*** Opening Data to use ***

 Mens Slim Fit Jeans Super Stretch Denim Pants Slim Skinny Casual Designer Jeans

*** Closing Data to use ***
*** Opening Data to use ***

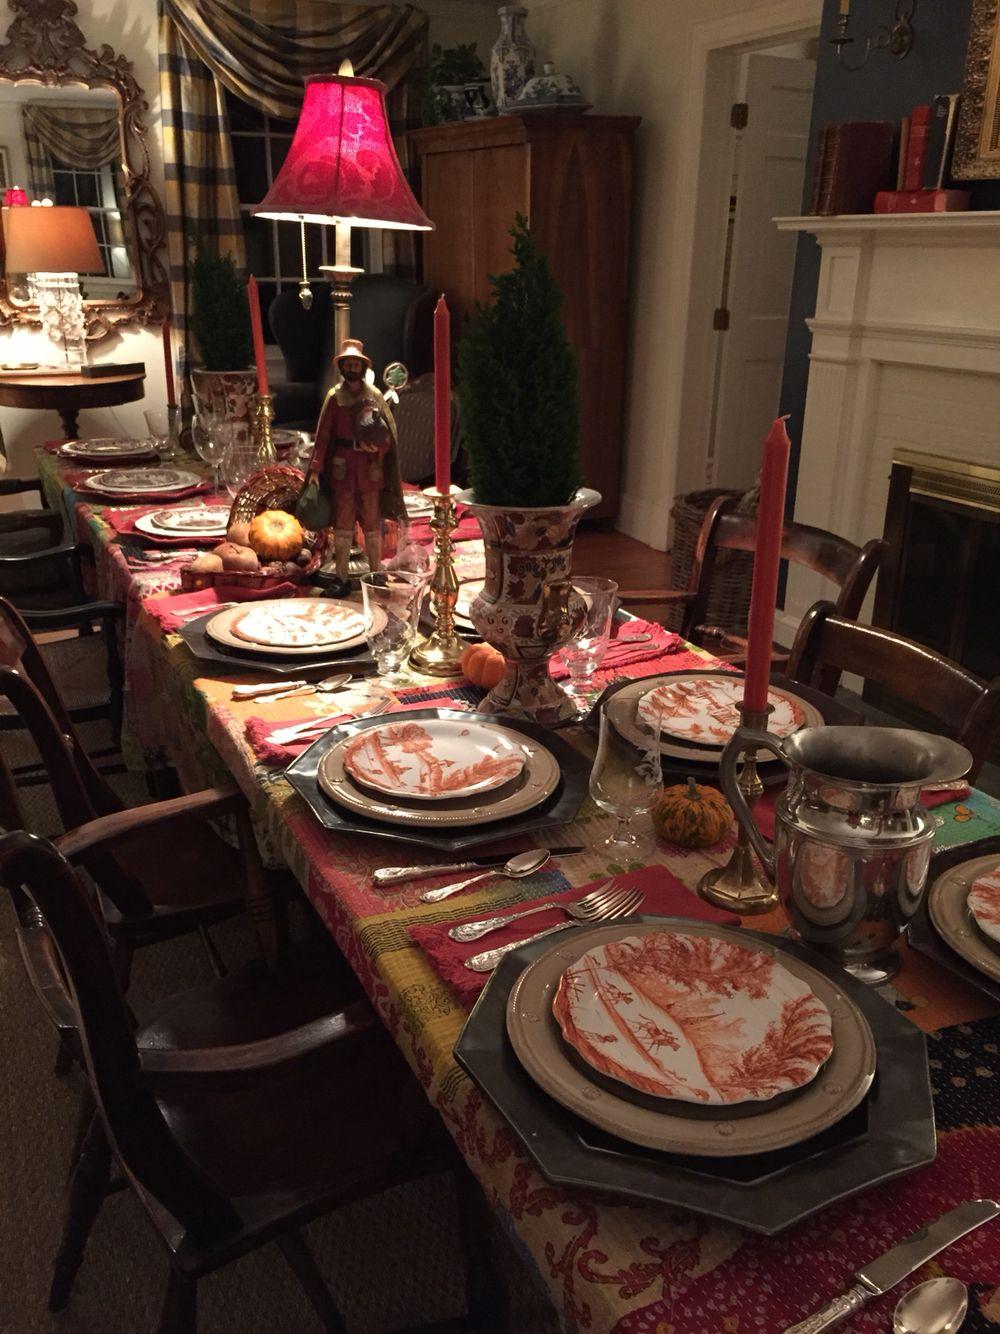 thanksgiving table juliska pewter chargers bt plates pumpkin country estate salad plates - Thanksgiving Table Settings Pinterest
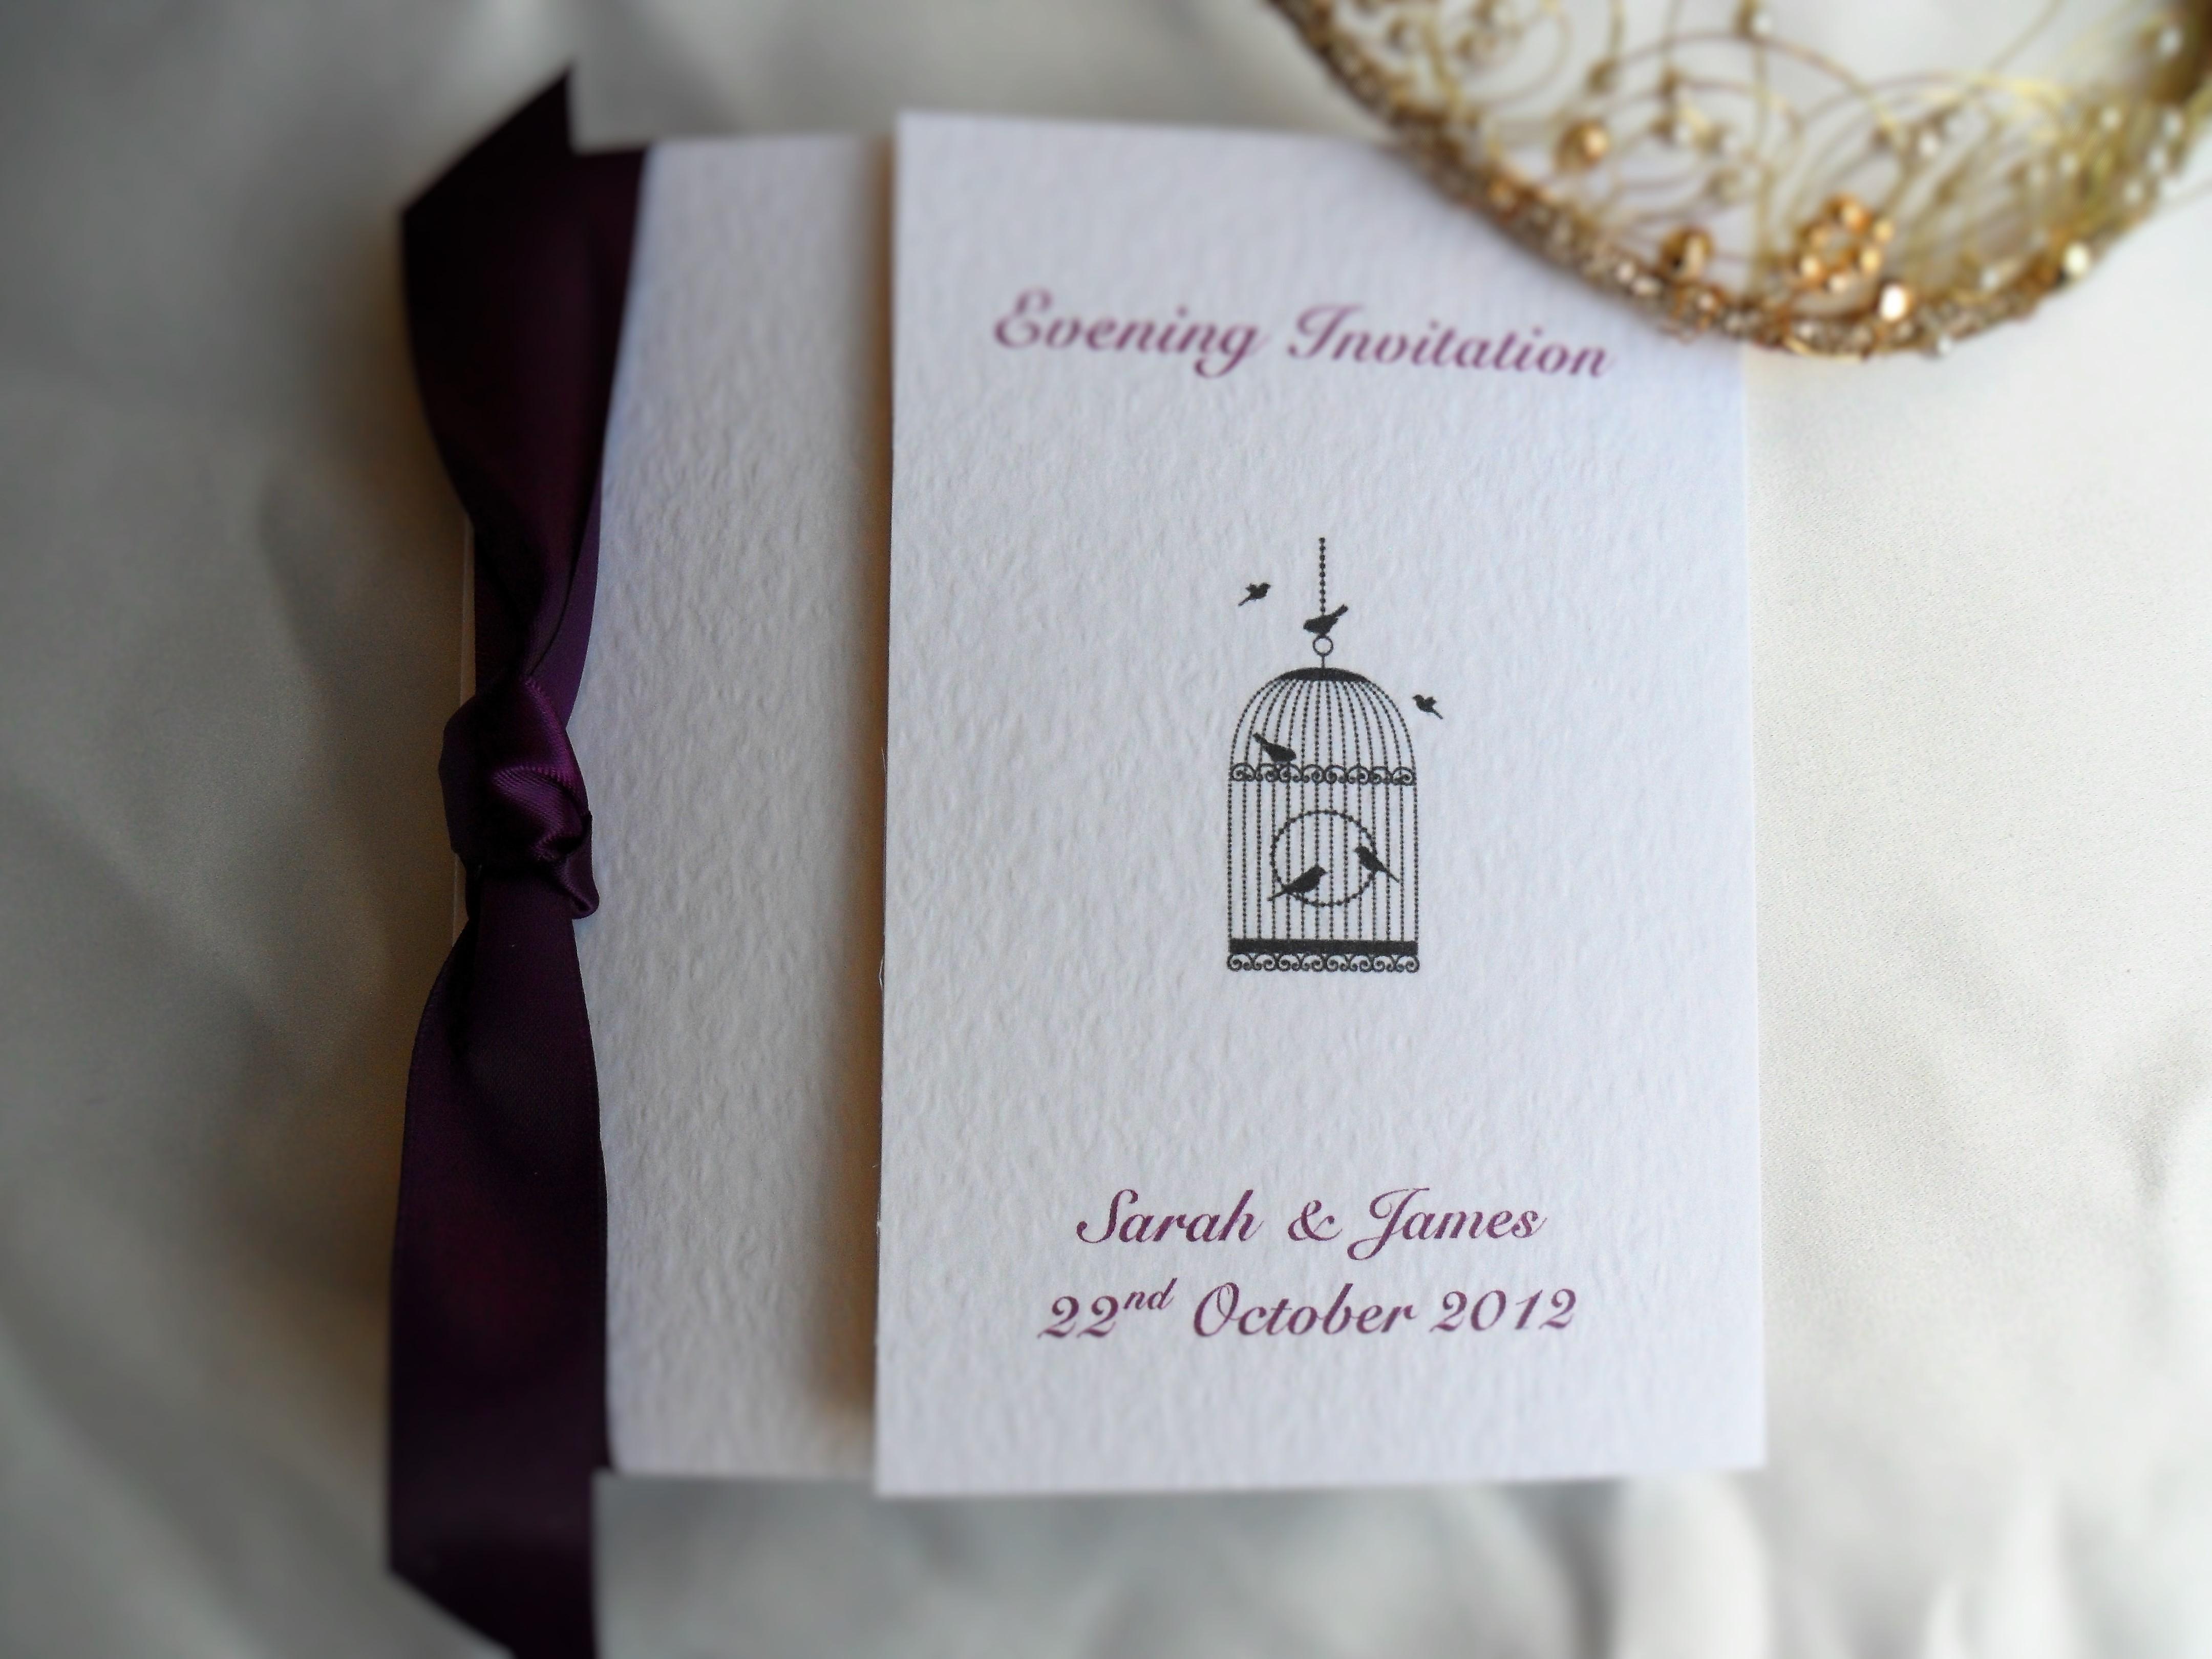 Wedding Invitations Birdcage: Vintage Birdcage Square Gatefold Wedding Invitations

*** Closing Data to use ***

* Task description *
Nothing but the lines from the one with "thanksgiving table juliska" up to and including the one with "Wedding Invitations Birdcage: Vintage" should be printed, exactly as they read above. Please keep the pictures out.

* Response to this task *
 thanksgiving table juliska pewter chargers bt plates pumpkin country estate salad plates - Thanksgiving Table Settings Pinterest
 Wedding Invitations Birdcage: Vintage Birdcage Square Gatefold Wedding Invitations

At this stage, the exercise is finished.